Supplied material =>
┏━━

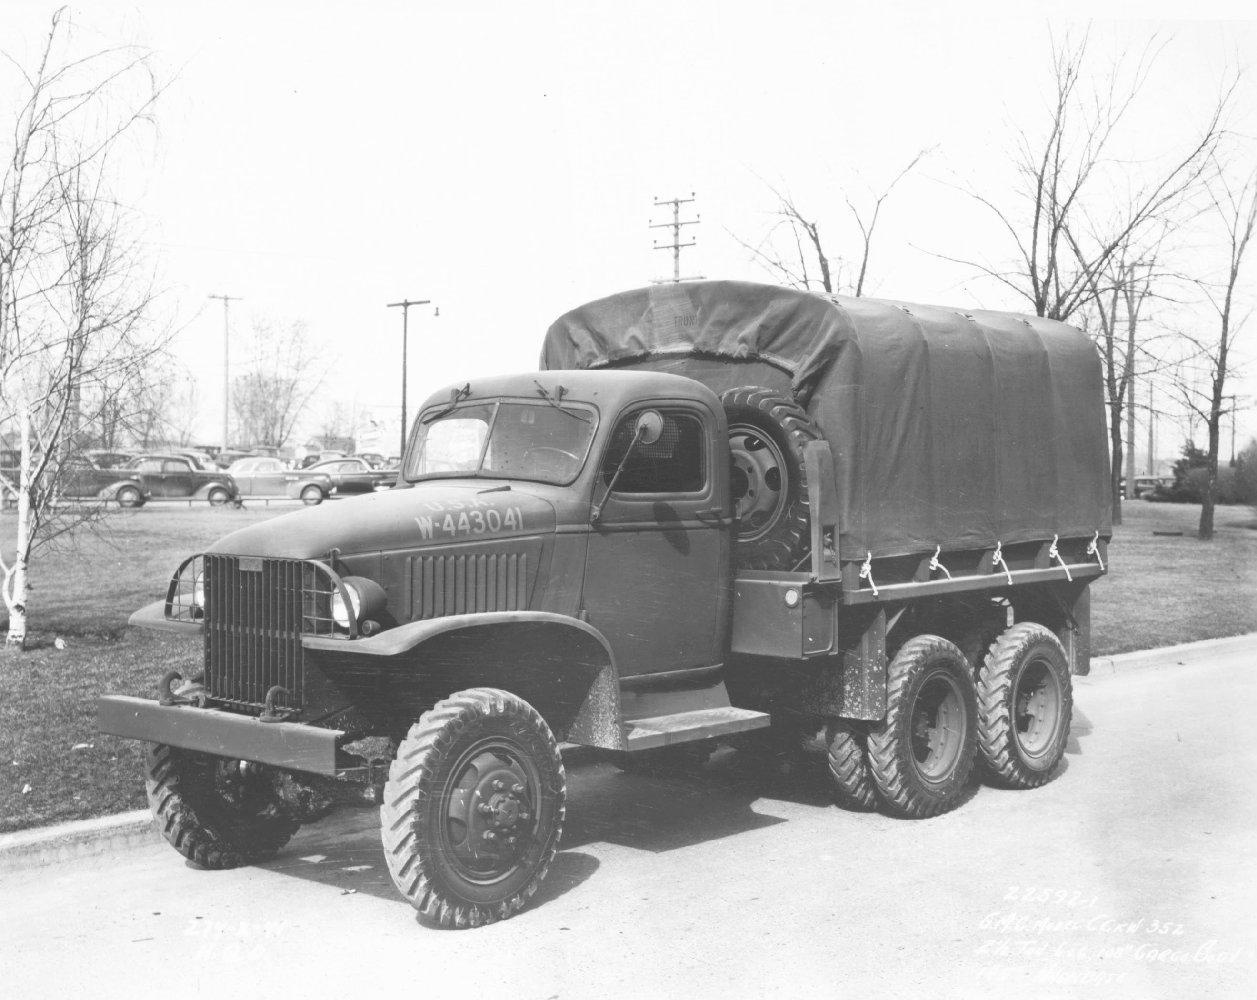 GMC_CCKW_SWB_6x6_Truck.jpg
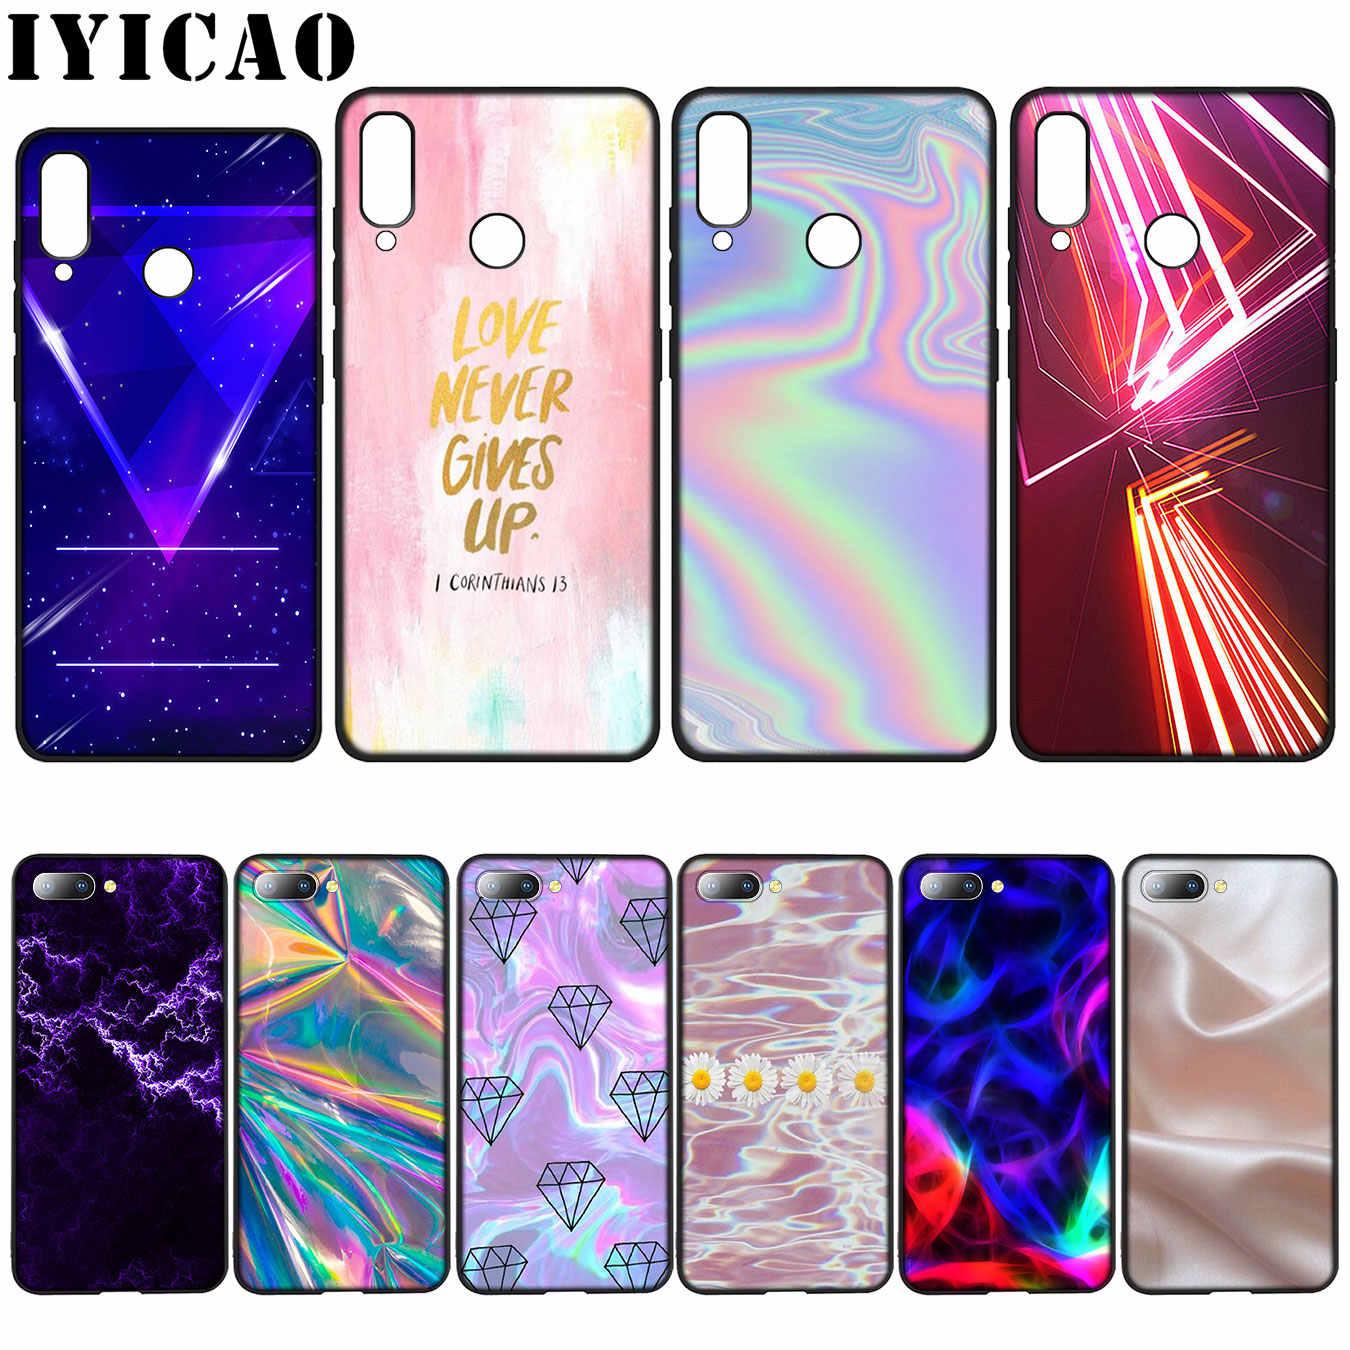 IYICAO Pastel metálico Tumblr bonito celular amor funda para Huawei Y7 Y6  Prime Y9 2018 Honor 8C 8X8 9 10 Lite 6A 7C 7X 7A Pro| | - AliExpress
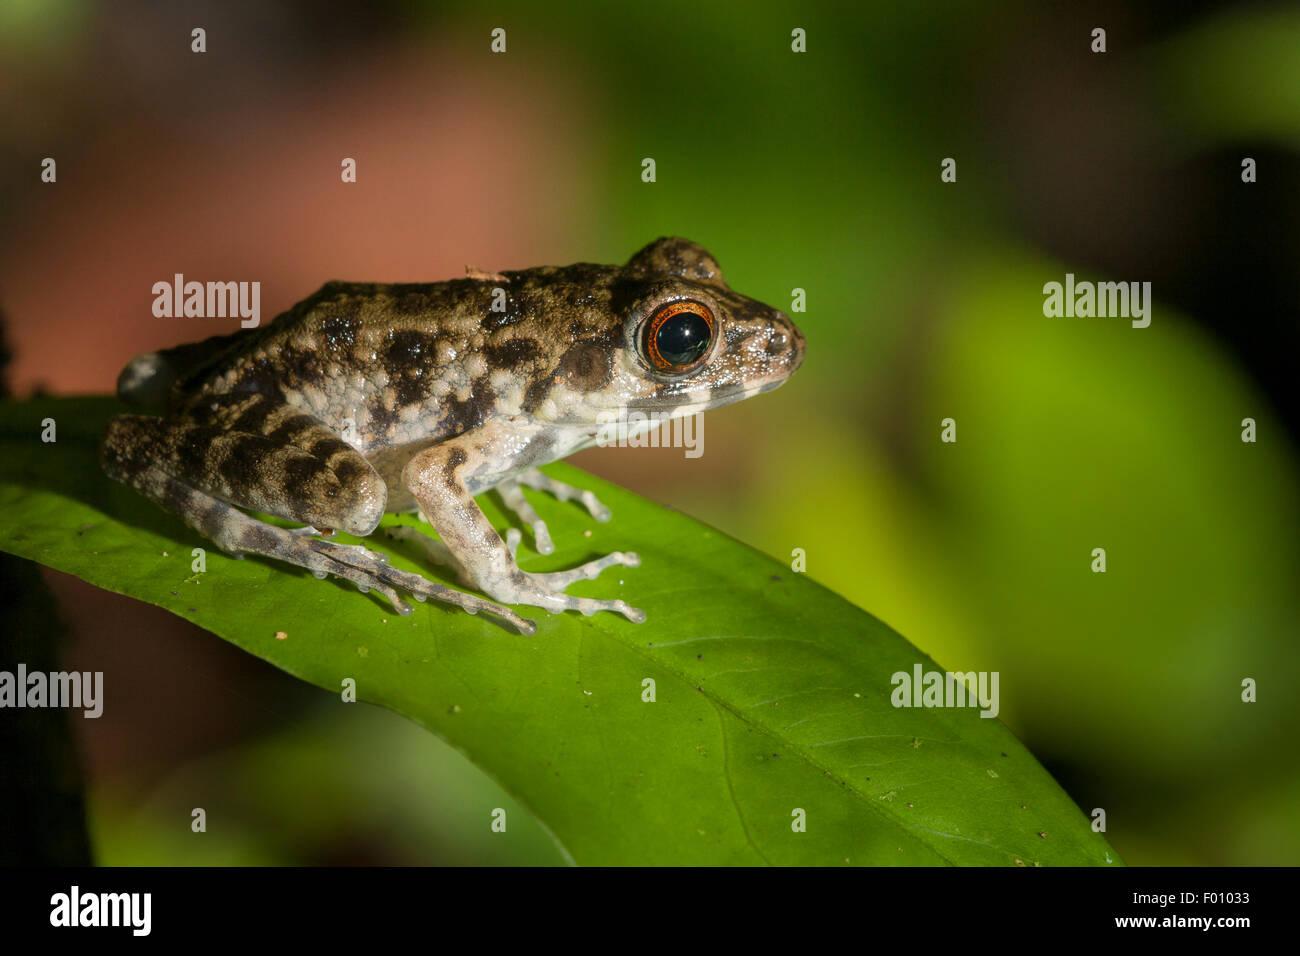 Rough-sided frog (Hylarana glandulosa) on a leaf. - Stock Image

┗━━

Directions for this task => Only the lines from the one containing "IYICAO Pastel metálico" through the last line of the data may appear in the answer, each given again exactly and with pictures left out.

Response for this exercise =>
 IYICAO Pastel metálico Tumblr bonito celular amor funda para Huawei Y7 Y6  Prime Y9 2018 Honor 8C 8X8 9 10 Lite 6A 7C 7X 7A Pro| | - AliExpress
 Rough-sided frog (Hylarana glandulosa) on a leaf. - Stock Image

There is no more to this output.